SOURCE MATERIAL »
──────
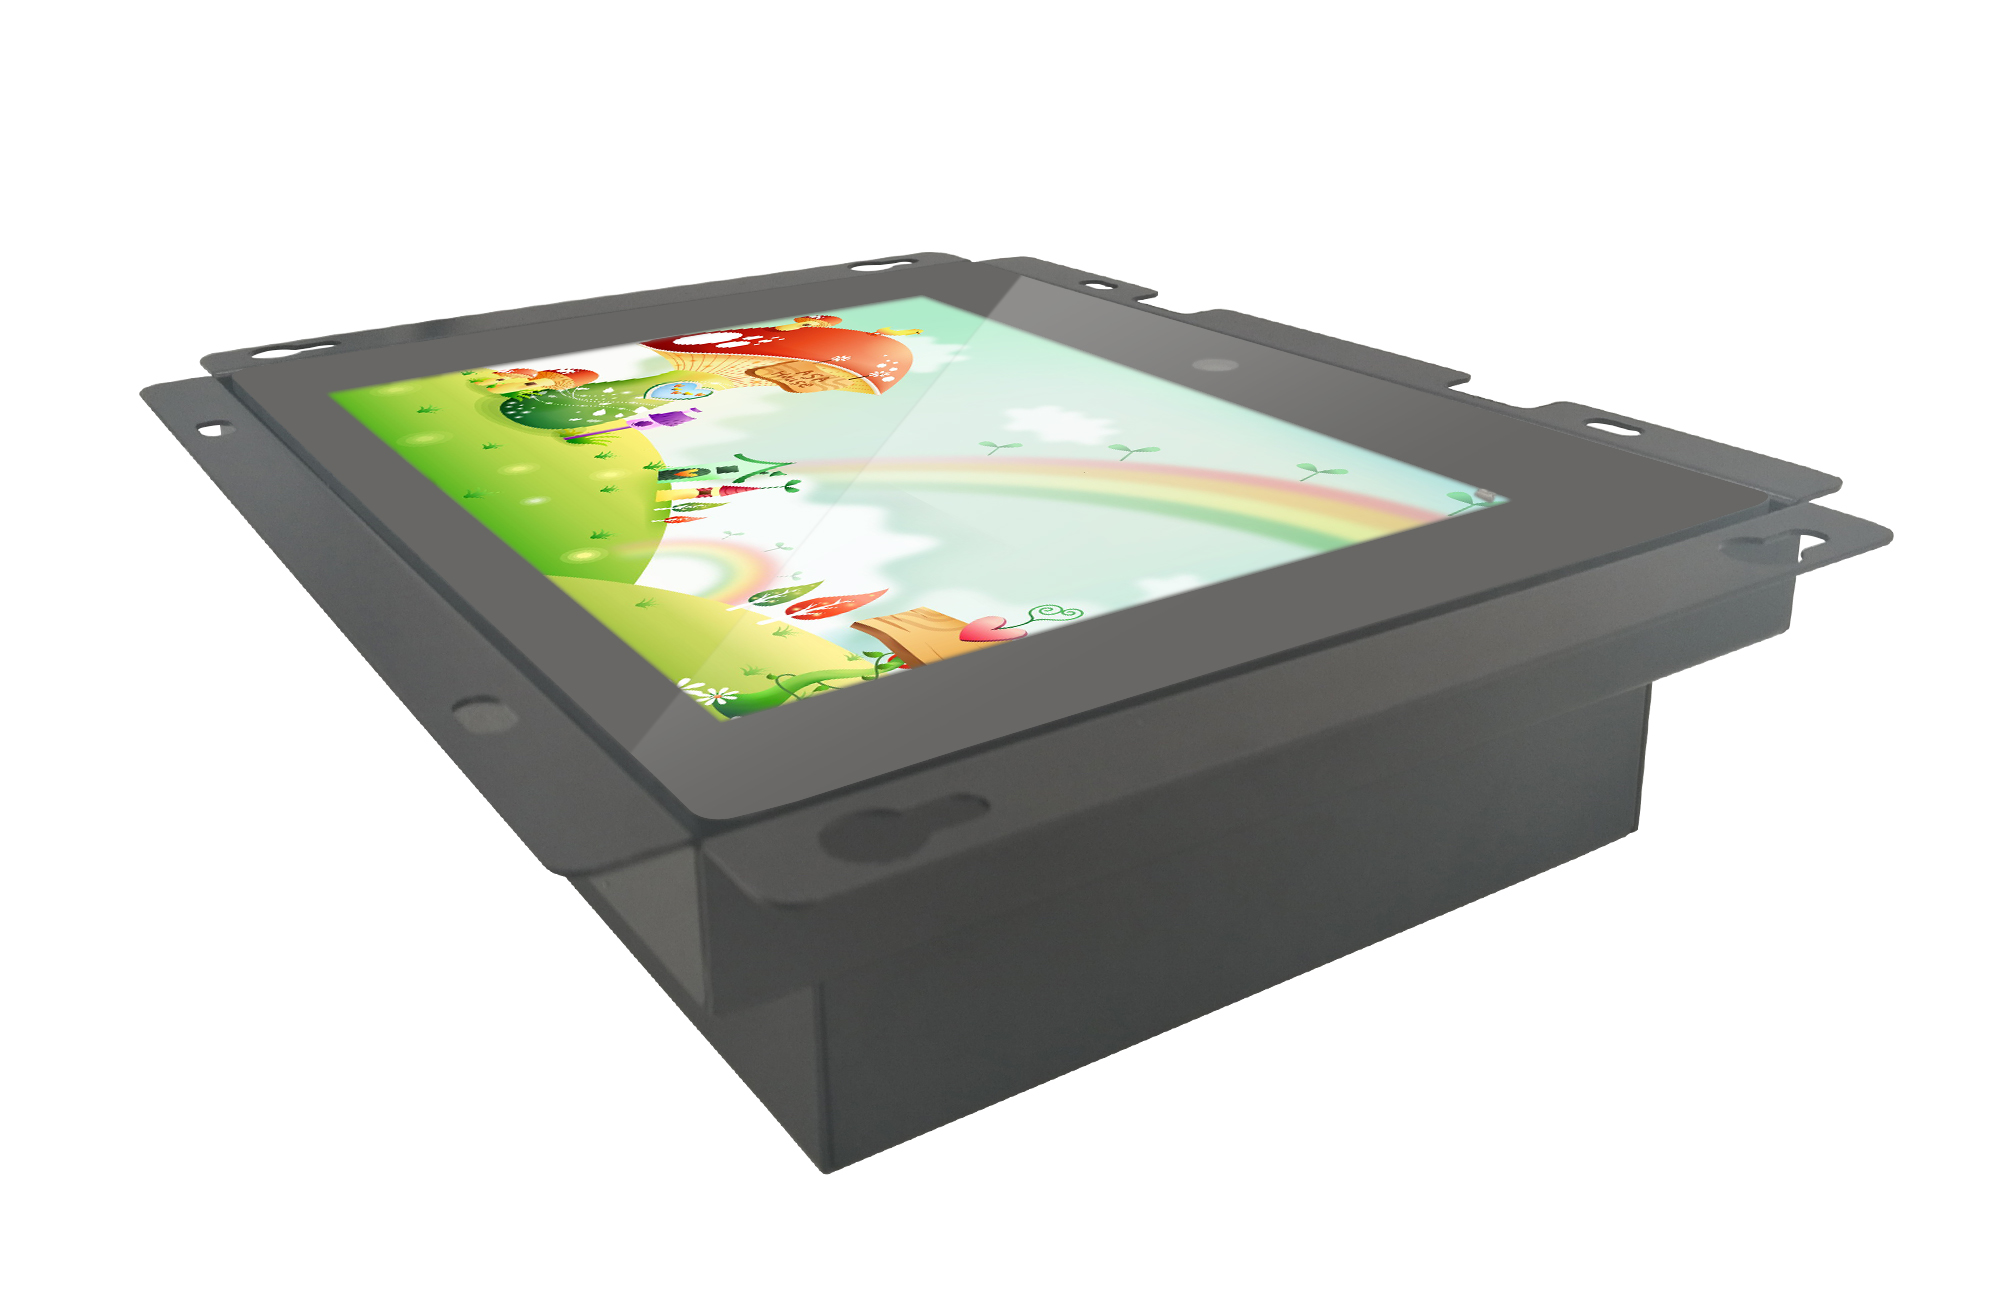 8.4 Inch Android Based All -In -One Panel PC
──────
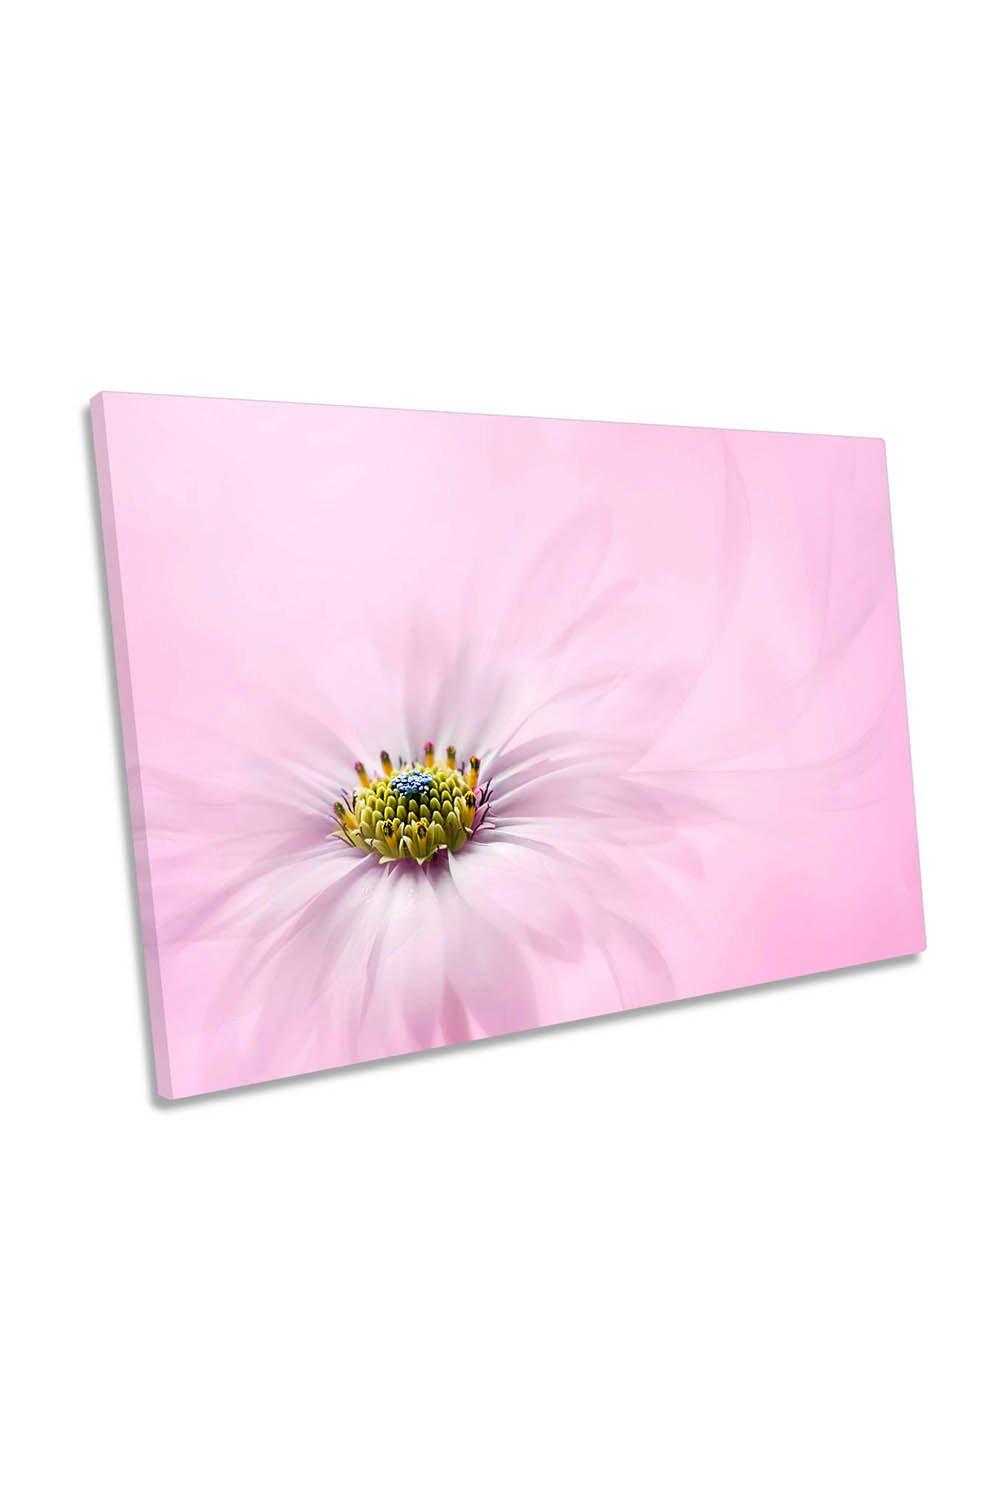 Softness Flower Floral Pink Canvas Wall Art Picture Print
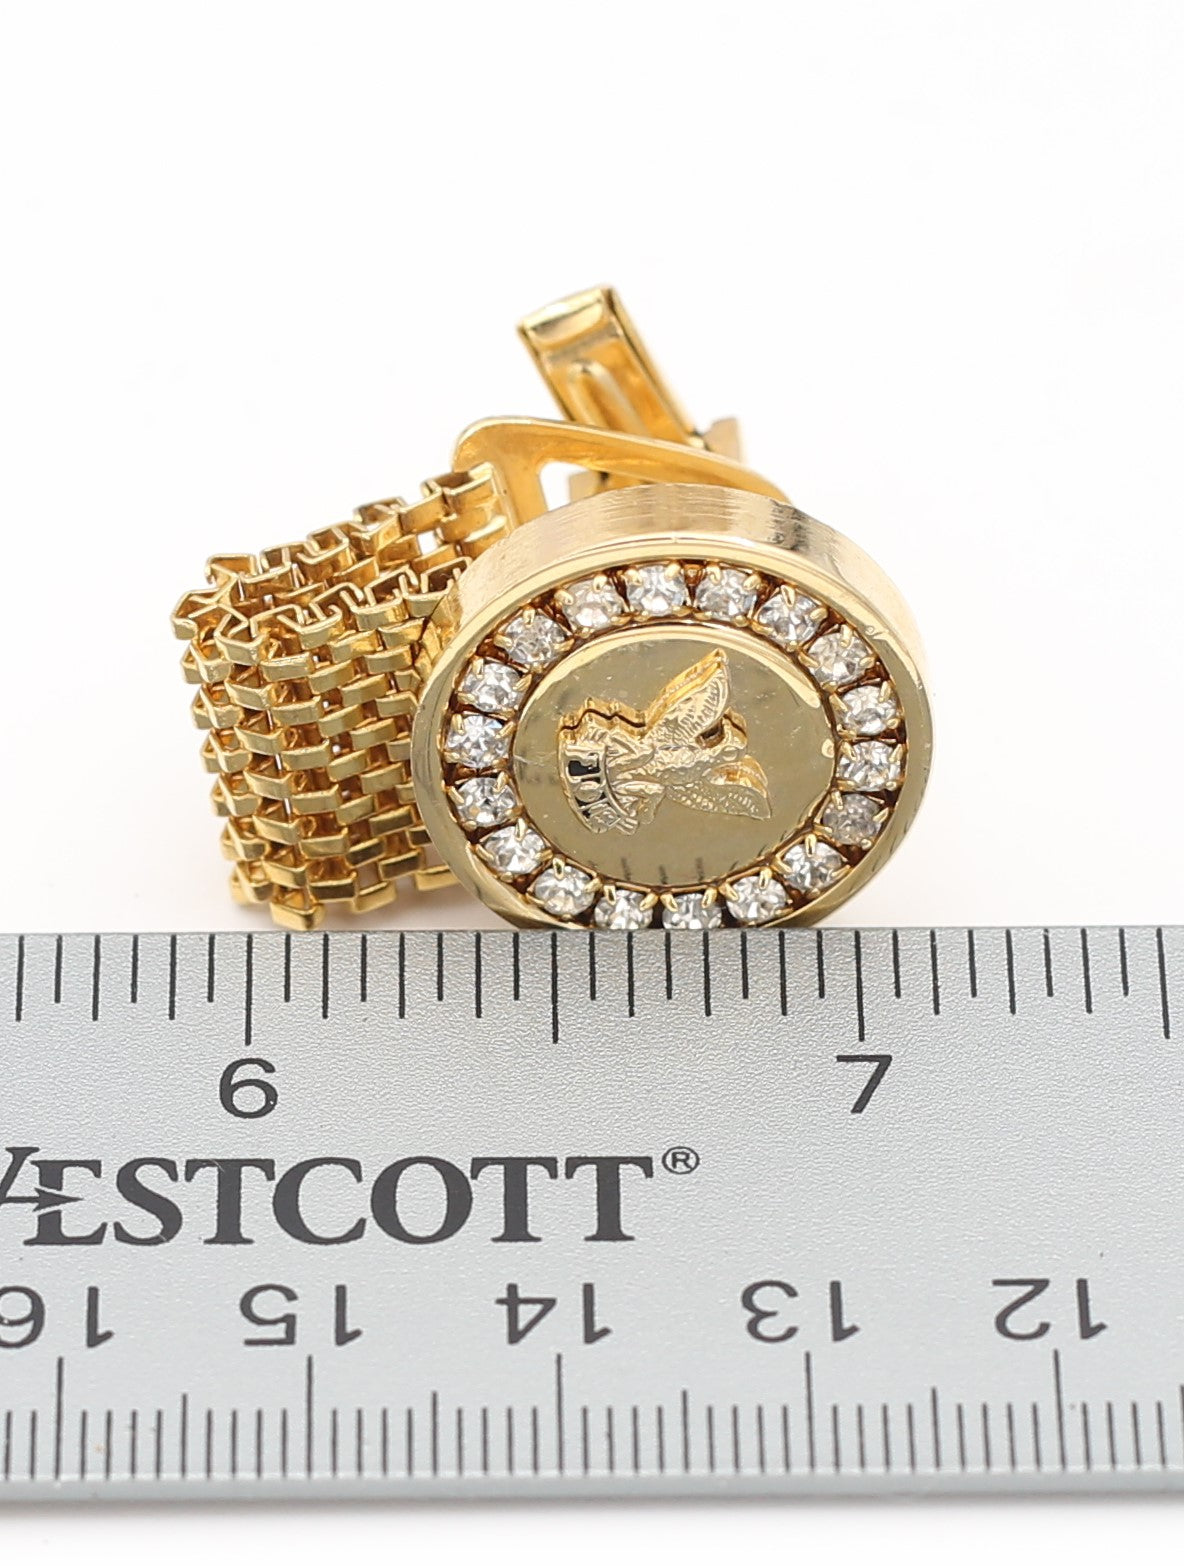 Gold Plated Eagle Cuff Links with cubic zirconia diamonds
──────
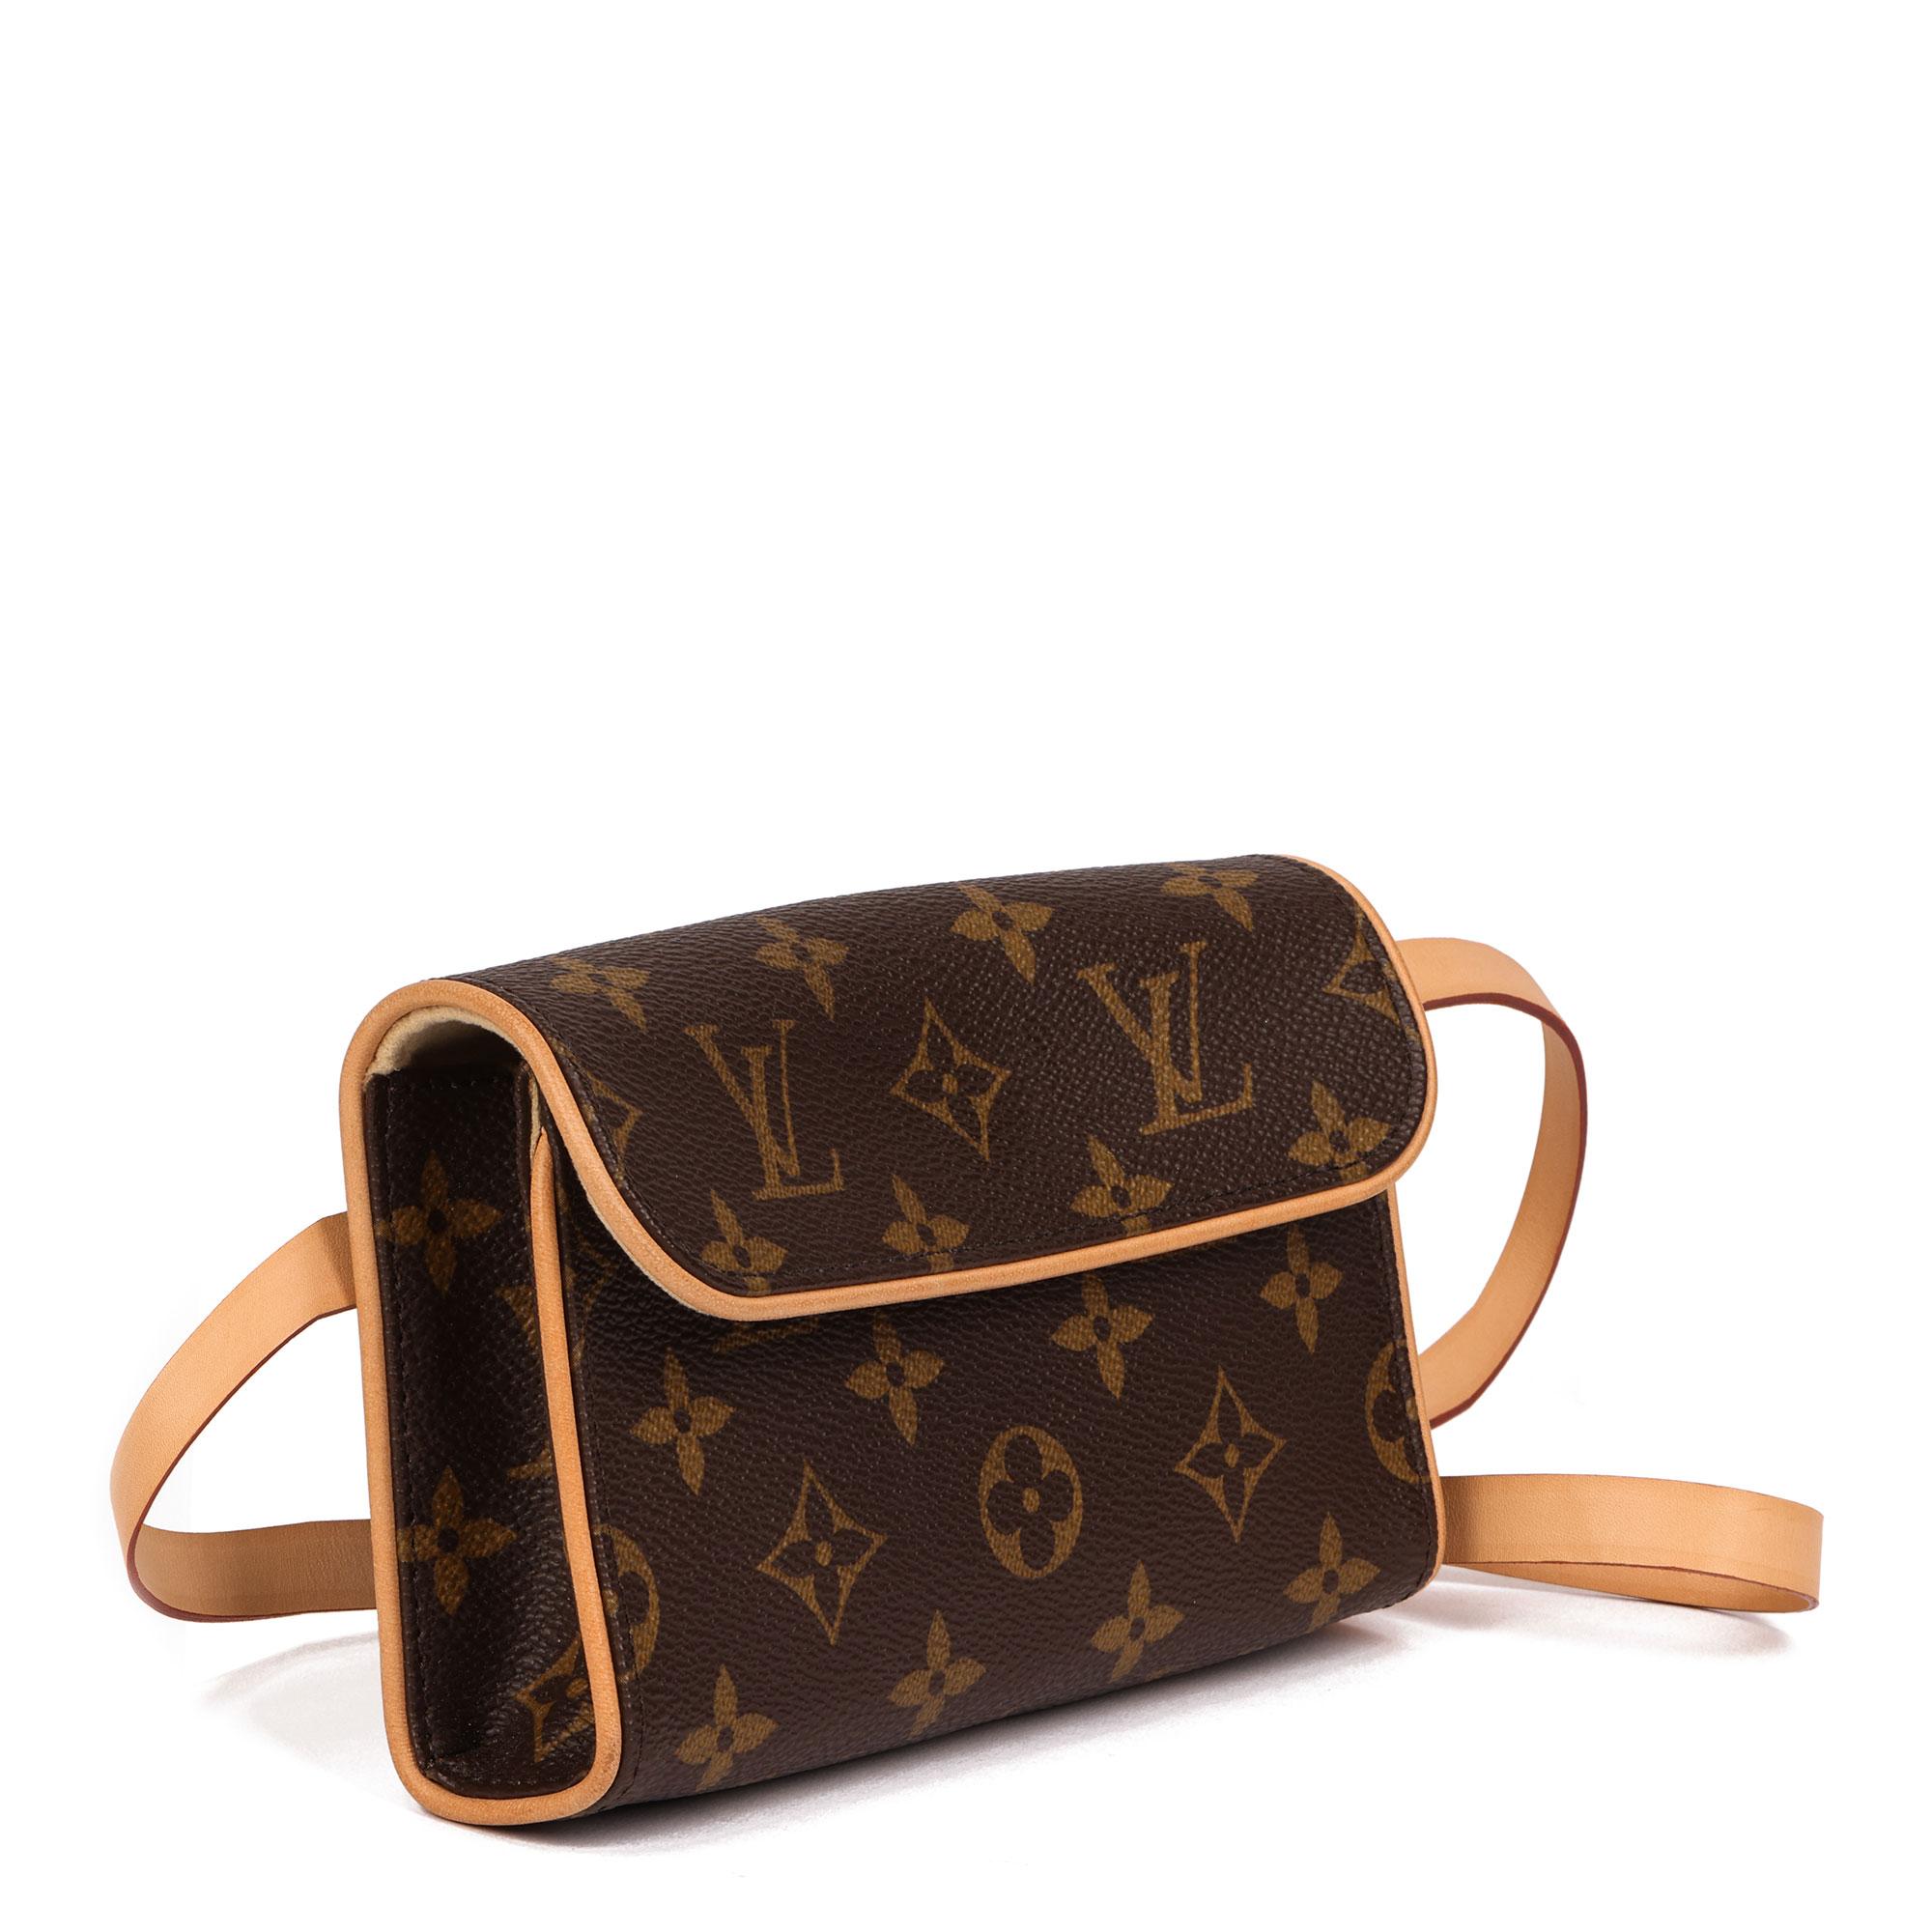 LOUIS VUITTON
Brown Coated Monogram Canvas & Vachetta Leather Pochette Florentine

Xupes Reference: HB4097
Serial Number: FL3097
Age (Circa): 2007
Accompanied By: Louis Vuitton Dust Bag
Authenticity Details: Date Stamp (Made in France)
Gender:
──────
EXERCISE »
Copy needed, without pictures: the lines of the listing above from the line containing "Softness Flower Floral" up to and including the line containing "Gold Plated Eagle", set down exactly.

COMPLETED EXERCISE »
 Softness Flower Floral Pink Canvas Wall Art Picture Print
 Gold Plated Eagle Cuff Links with cubic zirconia diamonds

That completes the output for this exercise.